(Data Opens)

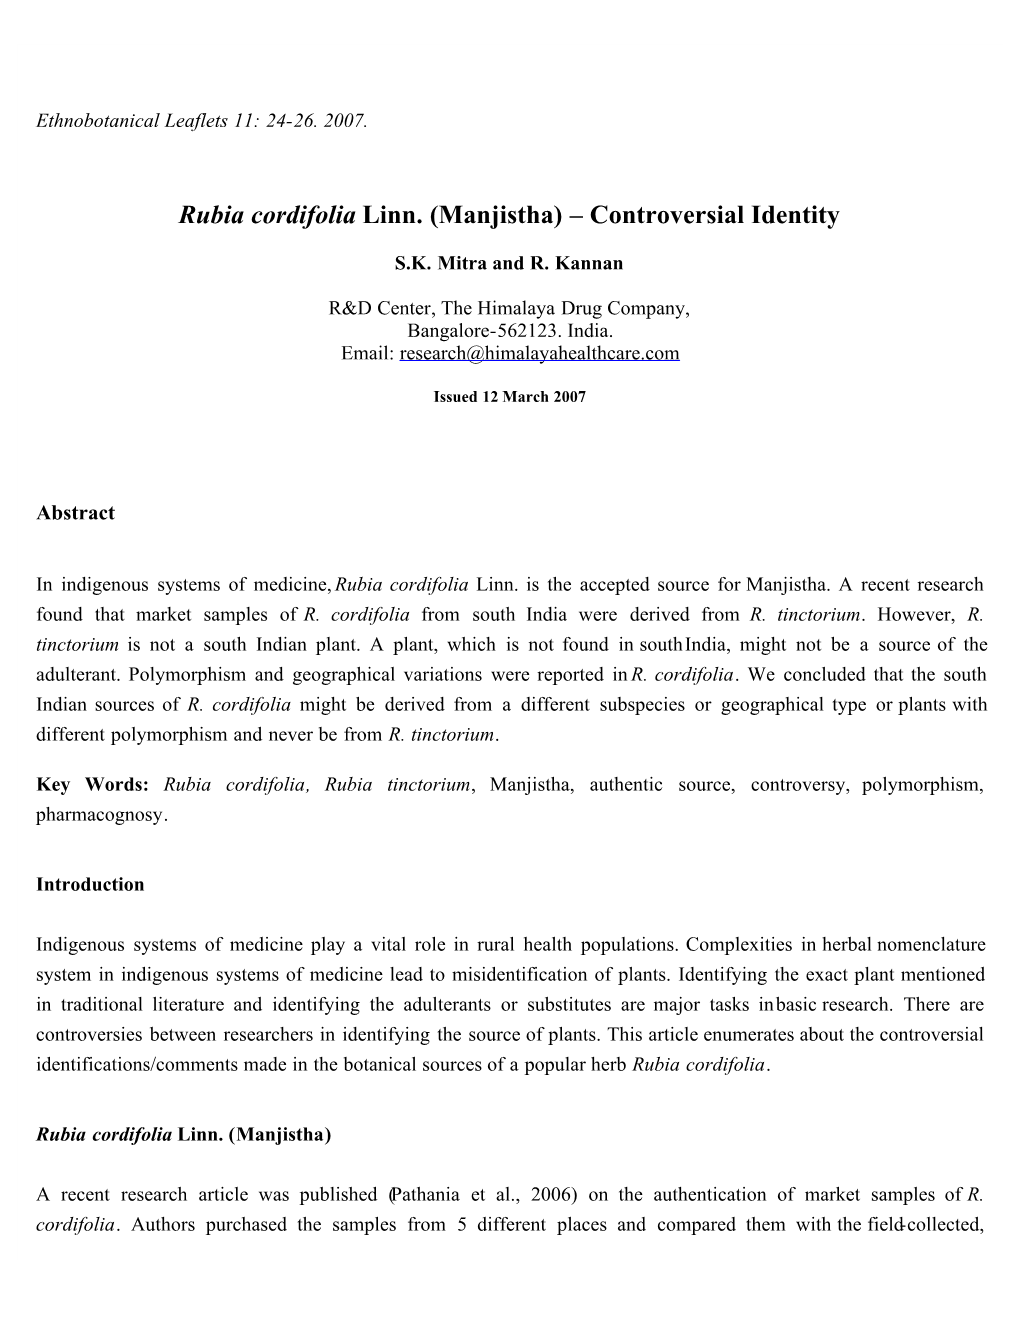 Rubia Cordifolia Linn. (Manjistha) – Controversial Identity
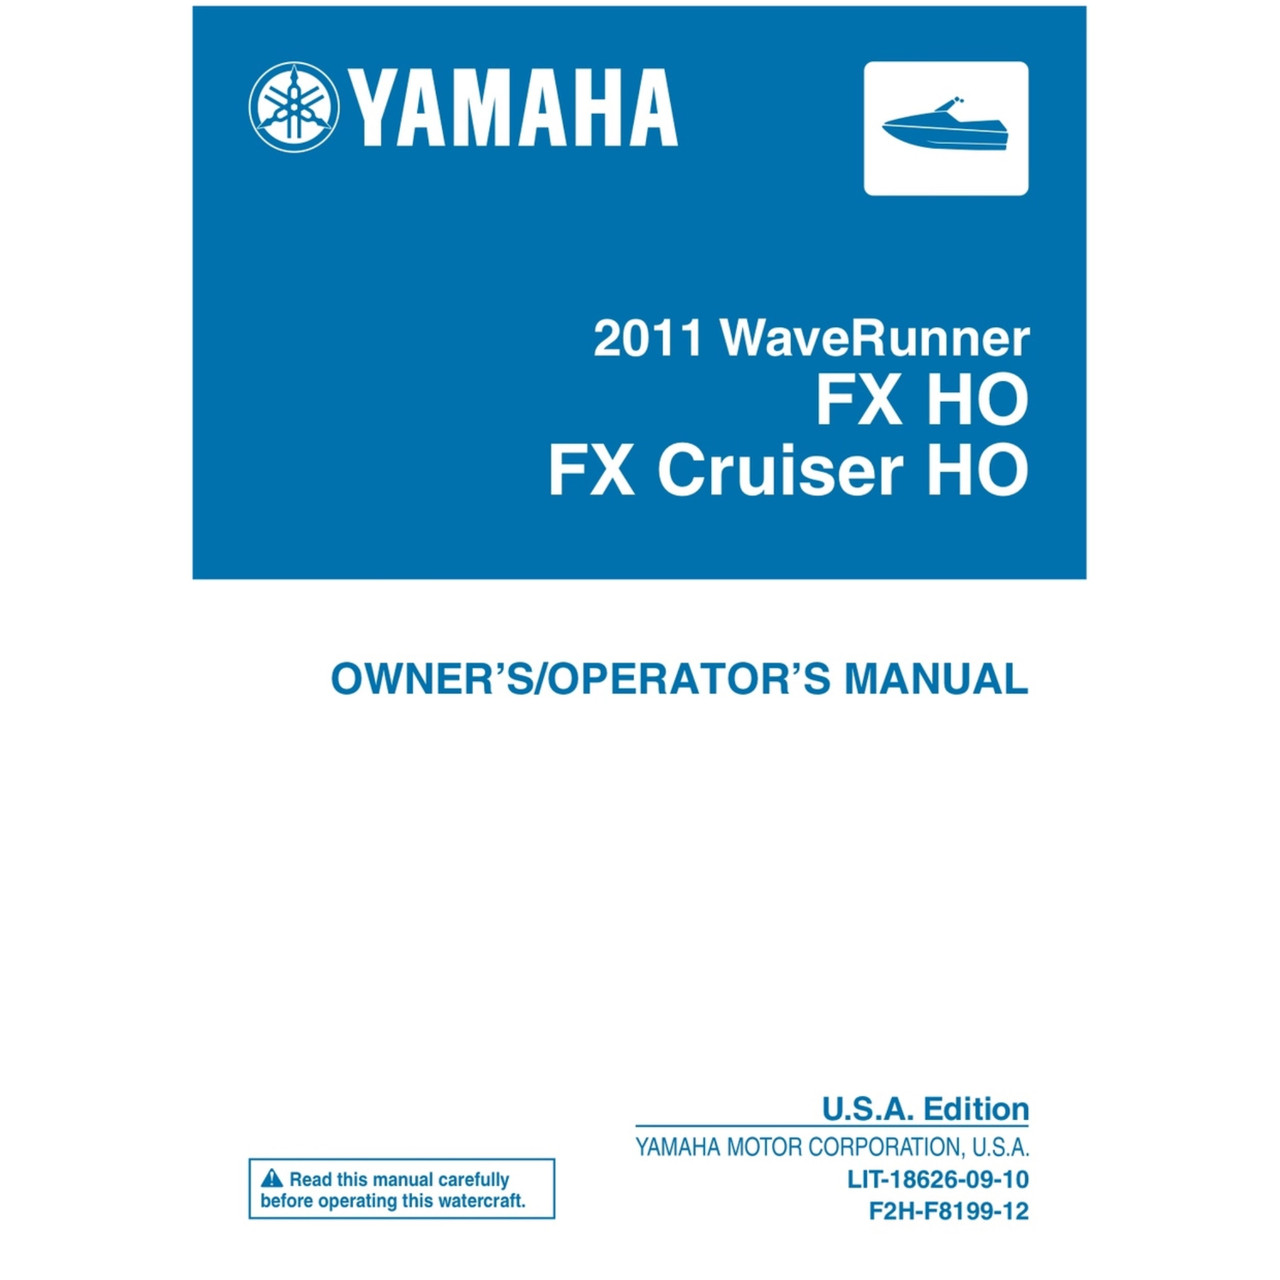 Yamaha New OEM 2011 WaveRunner FX HO/Cruiser HO Owners Manual, LIT-18626-09-10
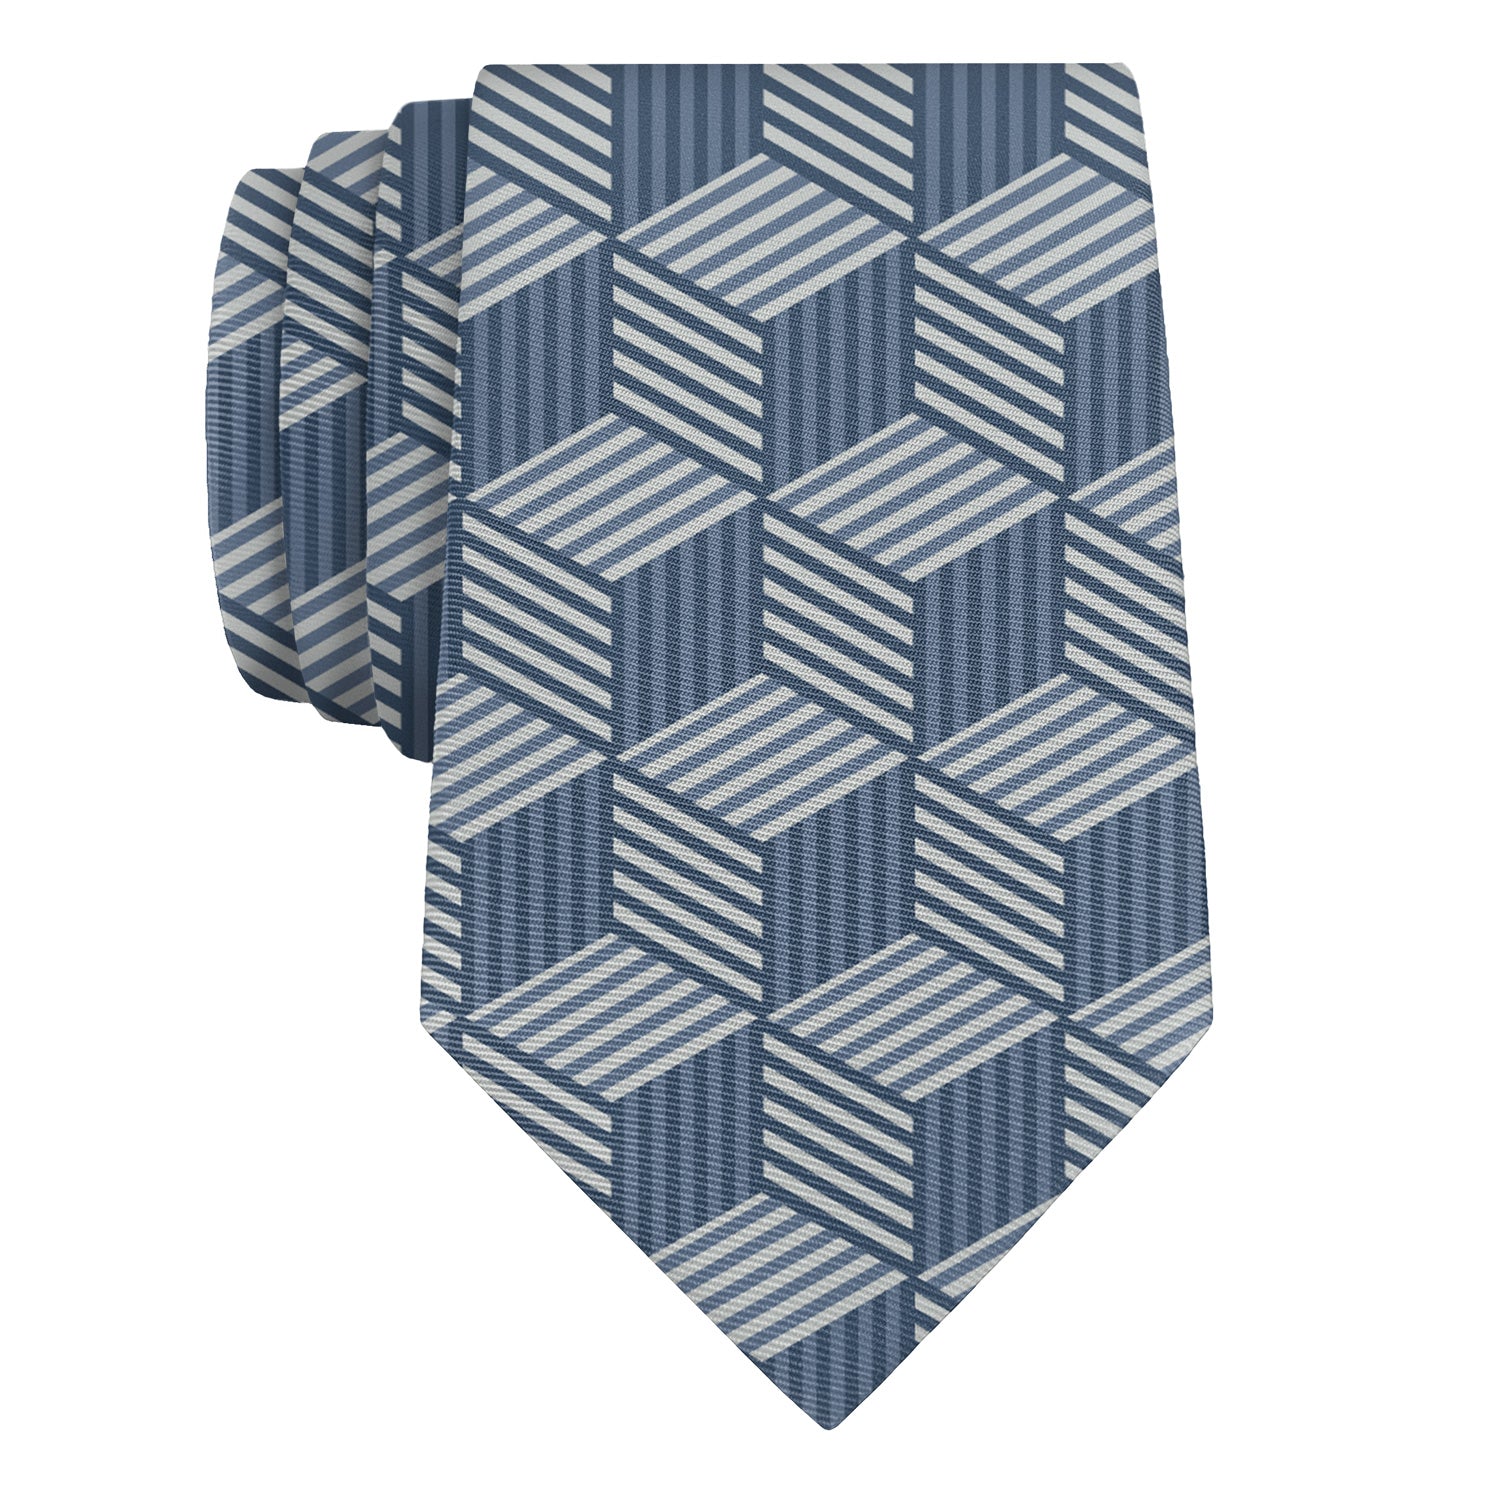 Hexagon Wild Necktie - Knotty 2.75" -  - Knotty Tie Co.

(Data Closes)

The response must restate each line of the material above exactly and contain no images.

» **Answer to the problem**
 Rubia Cordifolia Linn. (Manjistha) – Controversial Identity
 Yamaha New OEM 2011 WaveRunner FX HO/Cruiser HO Owners Manual, LIT-18626-09-10
 Hexagon Wild Necktie - Knotty 2.75" -  - Knotty Tie Co.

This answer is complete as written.